Extracted entries:
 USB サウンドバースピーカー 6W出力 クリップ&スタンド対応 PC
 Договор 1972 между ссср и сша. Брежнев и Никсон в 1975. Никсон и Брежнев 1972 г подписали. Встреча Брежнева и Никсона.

...

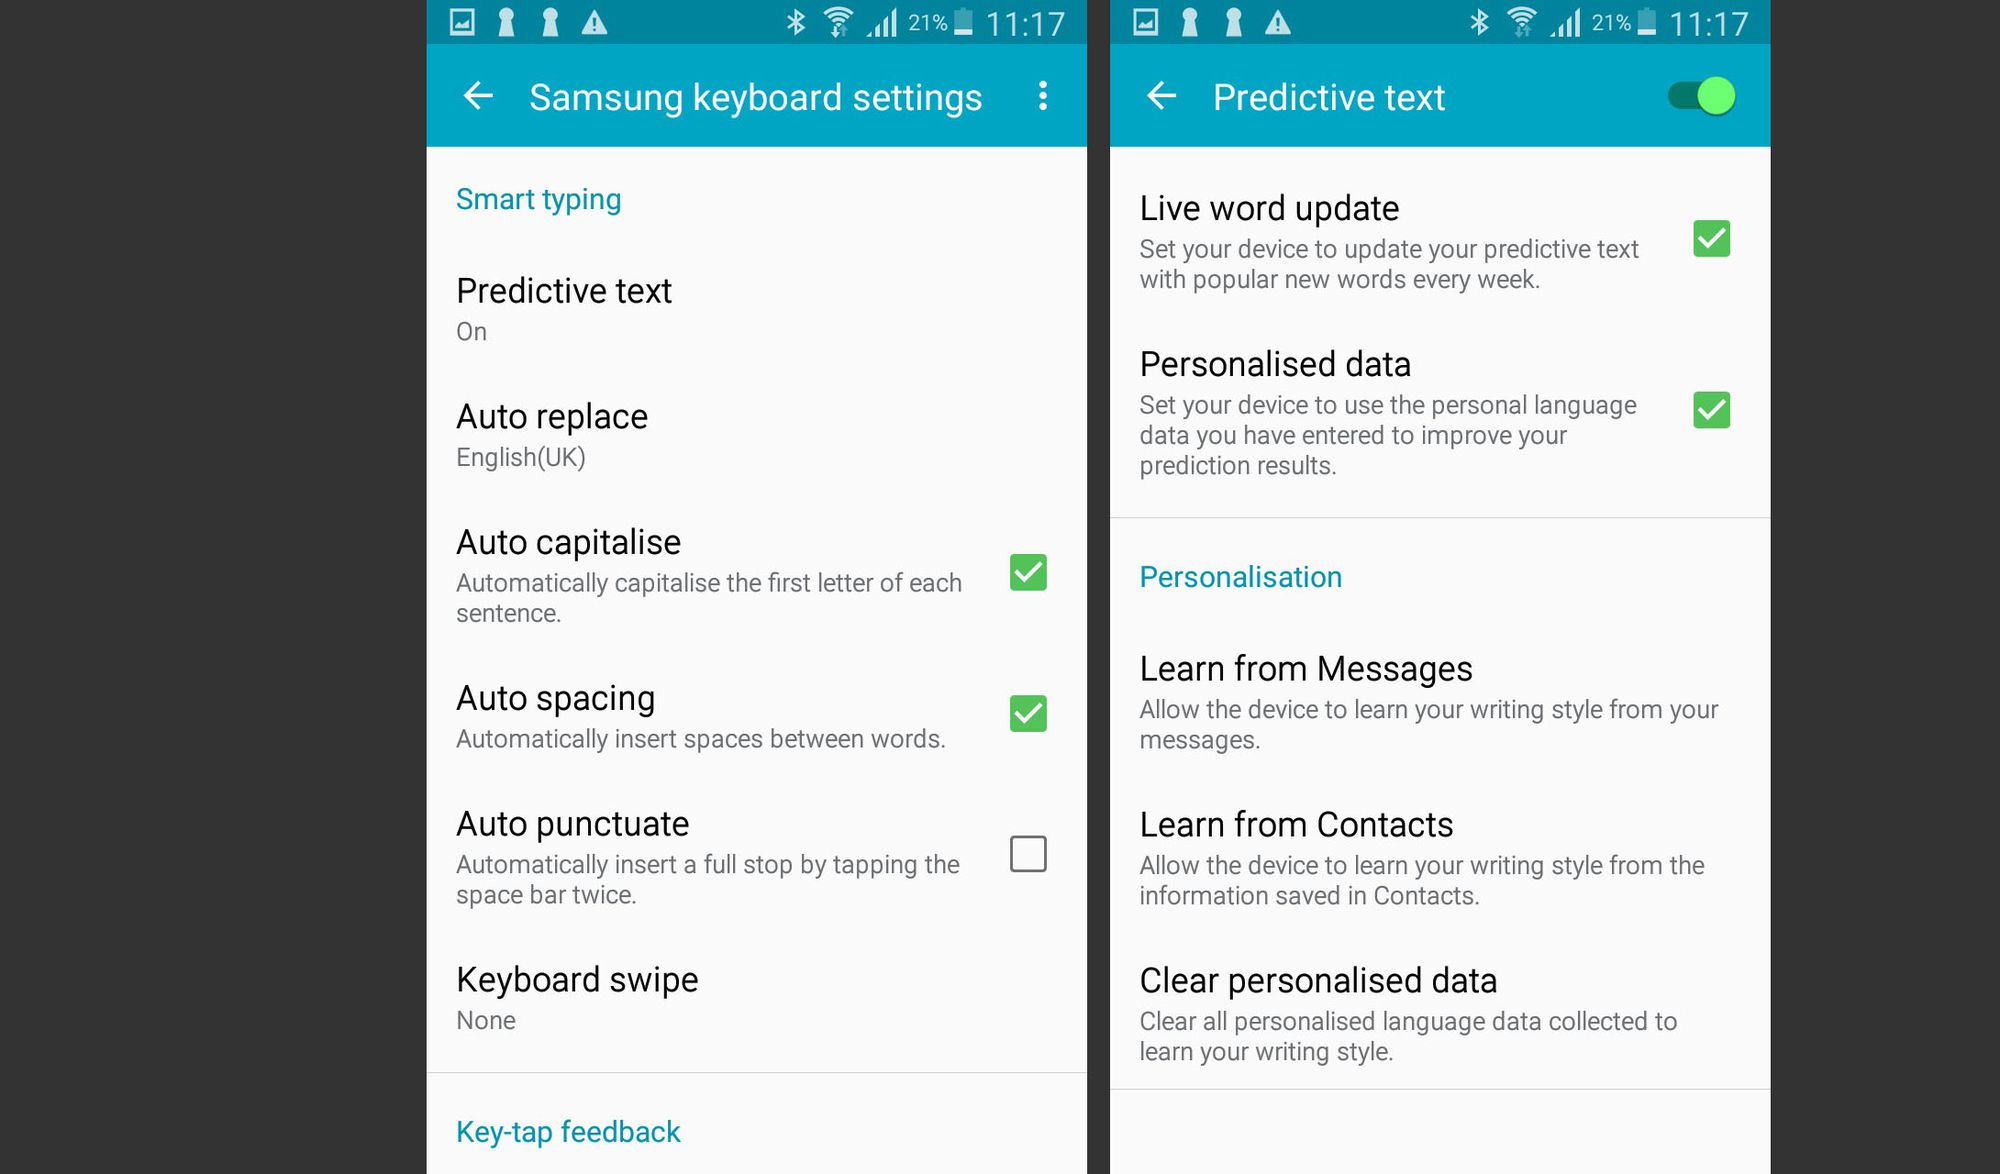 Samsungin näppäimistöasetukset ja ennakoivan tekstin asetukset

--

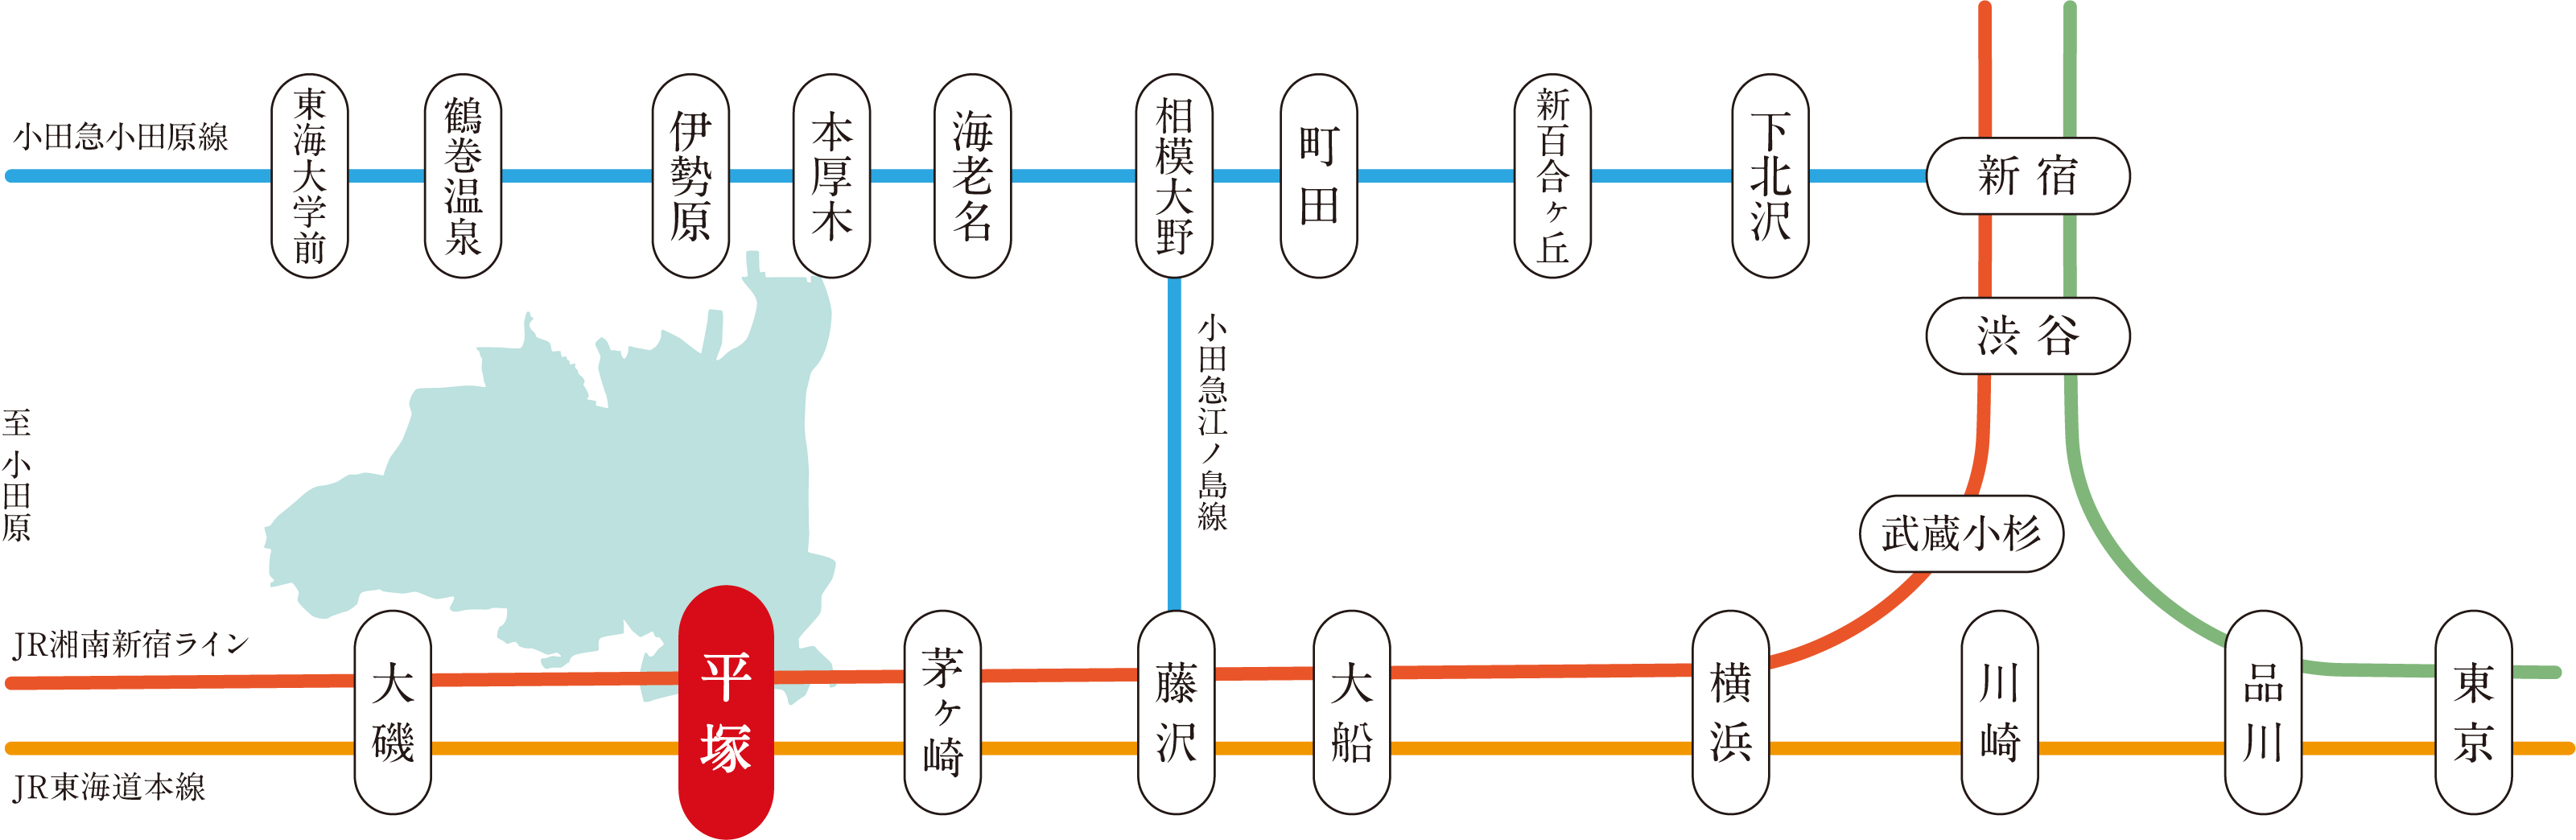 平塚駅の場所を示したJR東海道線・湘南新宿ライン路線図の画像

About this task:
In the listing above, find the line containing "USB サウンドバースピーカー 6W出力 クリップ&スタンド対応 PC" and the line containing "Договор 1972 между", then quote both, plus every line between them, exactly as written.

Task solution:
 USB サウンドバースピーカー 6W出力 クリップ&スタンド対応 PC
 Договор 1972 между ссср и сша. Брежнев и Никсон в 1975. Никсон и Брежнев 1972 г подписали. Встреча Брежнева и Никсона.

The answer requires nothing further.